Does anyone know of a contour map of this lake???


----------



## PAYARA (Apr 7, 2004)

i just want to fish at this place,just once  ........Ahh


----------



## Lewzer (Apr 5, 2004)

Is that the one off of Mennonite Rd?

If so, shallow,weedy and lots of small carp. A Payara paradise.


----------



## exexec (Apr 12, 2004)

I coworker live on the lake. Says he had a bad summer and invited me to help him ( LOLOLOLOL). It is across from the Bertram Inn off rt 43, I think.


----------



## Steel Cranium (Aug 22, 2005)

It is the one close to Reminderville, west of 43. You need to be with someone who lives there to get legal access. The fishing hasn't been as good there over the last couple+ years since they have been chemically killing weeds for the guys with big boats and bigger houses on the south / east side of the lake. I see it as a challenge to fish there in the open water with only a depth finder, looking for those hidden structure treasures.


----------



## PAYARA (Apr 7, 2004)

Lewzer--i think your talking about Sunny lake....anyway
you ain't lying about the small ones up there...lol....


----------



## Lewzer (Apr 5, 2004)

Yeah, that's the one I was thinking about. Went there in a little jonboat this summer. All those small carp made that place a muddy mess.

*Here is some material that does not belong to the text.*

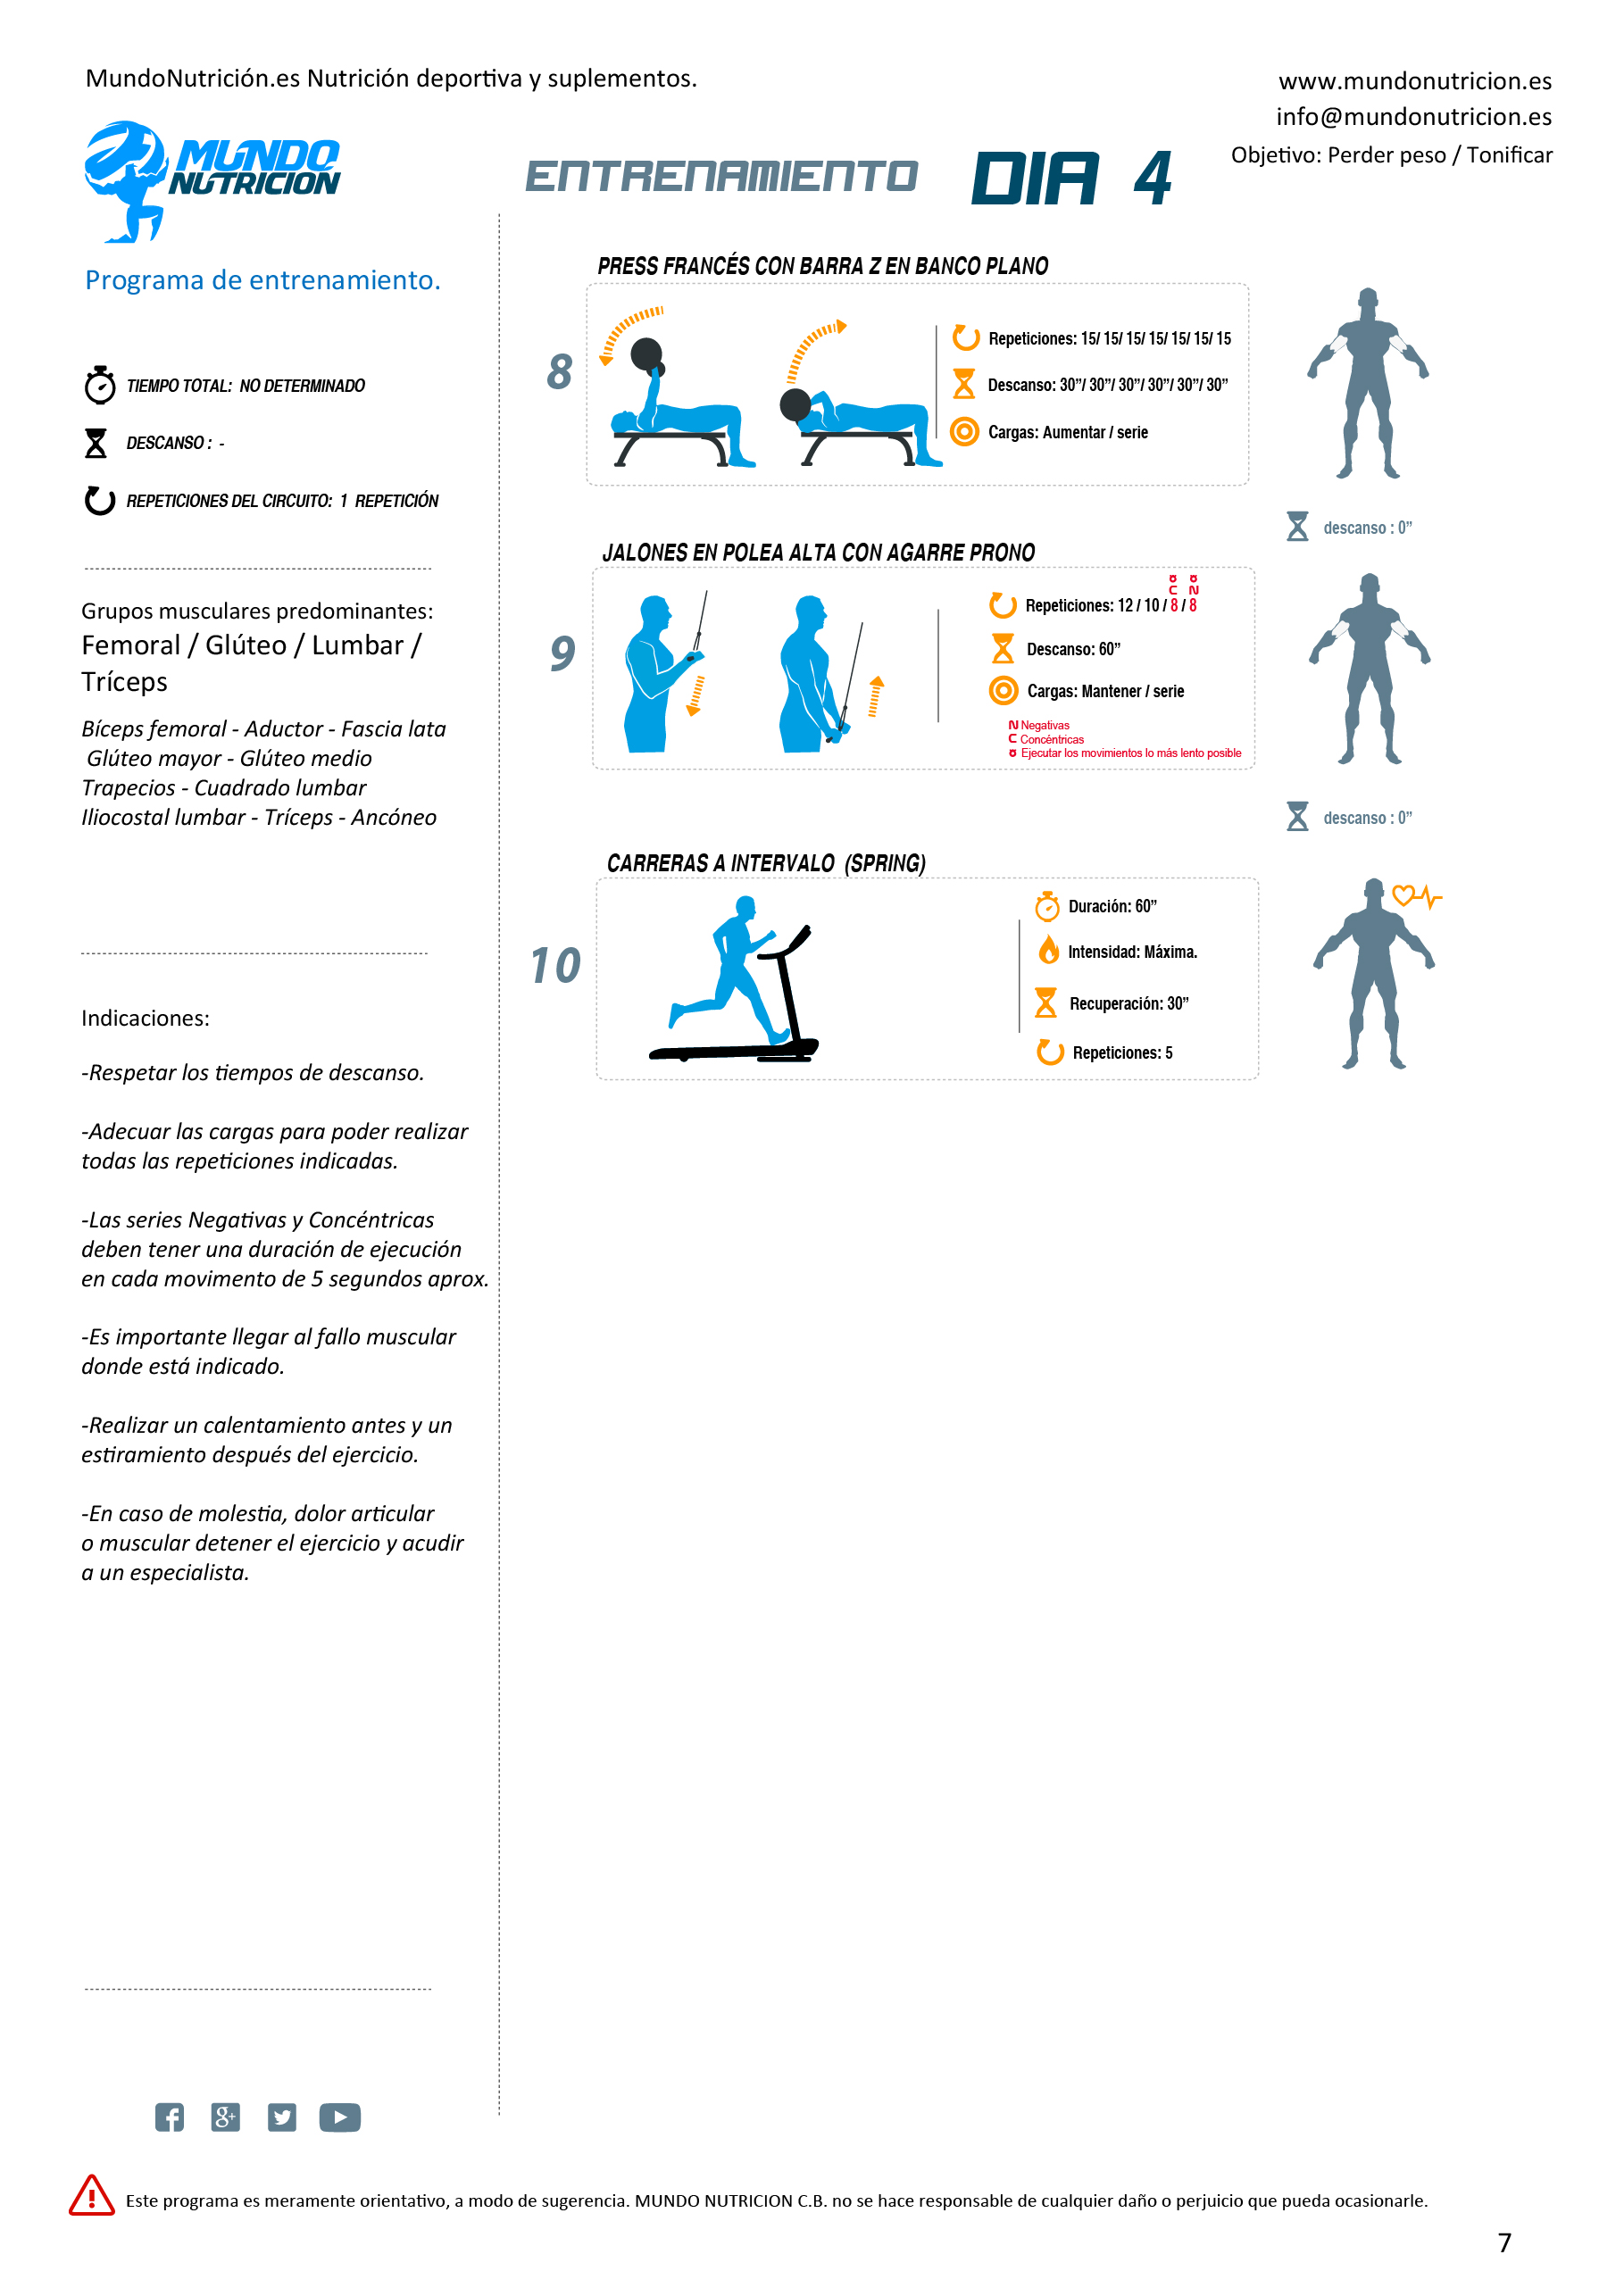 Día 4 femoral gluteo lumbar triceps

The lake exexec is talking about looks interesting.


----------



## ss minnow (Aug 11, 2005)

Aurora lake is private. It used to be a real lilly pad lake. If memory serves, it was a, dare I say a pay lake with a boat livery and a small shore fishing area..nice though. Fourty years ago, maybe as early as 30 years. Now you do need to live there, or be invited and escorted by a resident. It is patrolled regularly. I have observed and heard it is in a common struggle between recreational boating and trying to keep it natural...The older homes on the one side of the lake blame the newer homes on the other side of the lake for all the "progress".


----------



## Nipididdee (Apr 19, 2004)

Aurora Shores- my best buddy and codirector has fished it the past 20 years and is one of the few "full time" bassers on the lake. 

It's chuck loaded with toads, numbers too. I went out with him couple times this year and pretty amazed at the offerings. 

There is a solid skinny flip bite there year round. Big & dumb too.

You would definately end up with a gang load of probs if tried to fish it as a tresspasser- the bassn' there almost makes it worth a risk! Gotta have the combo to the lock though! lol

Nip
www.dobass.com


----------



## tvfisherman (Apr 16, 2004)

My dad talks about Aurora all the time. Him and his brother fished there all the time in the late 50's and early 60's. Claims it was the best place to ever catch bass. Then, when the developments went up he says it all went to snot. The genius engineers who helped 'develop' the lake actually filled in parts of it for the Aurora Shores community. My mom's friend had a house there that was actually slowly sinking. And you could never step in their backyard without water coming up around your feet. But that's progress.


----------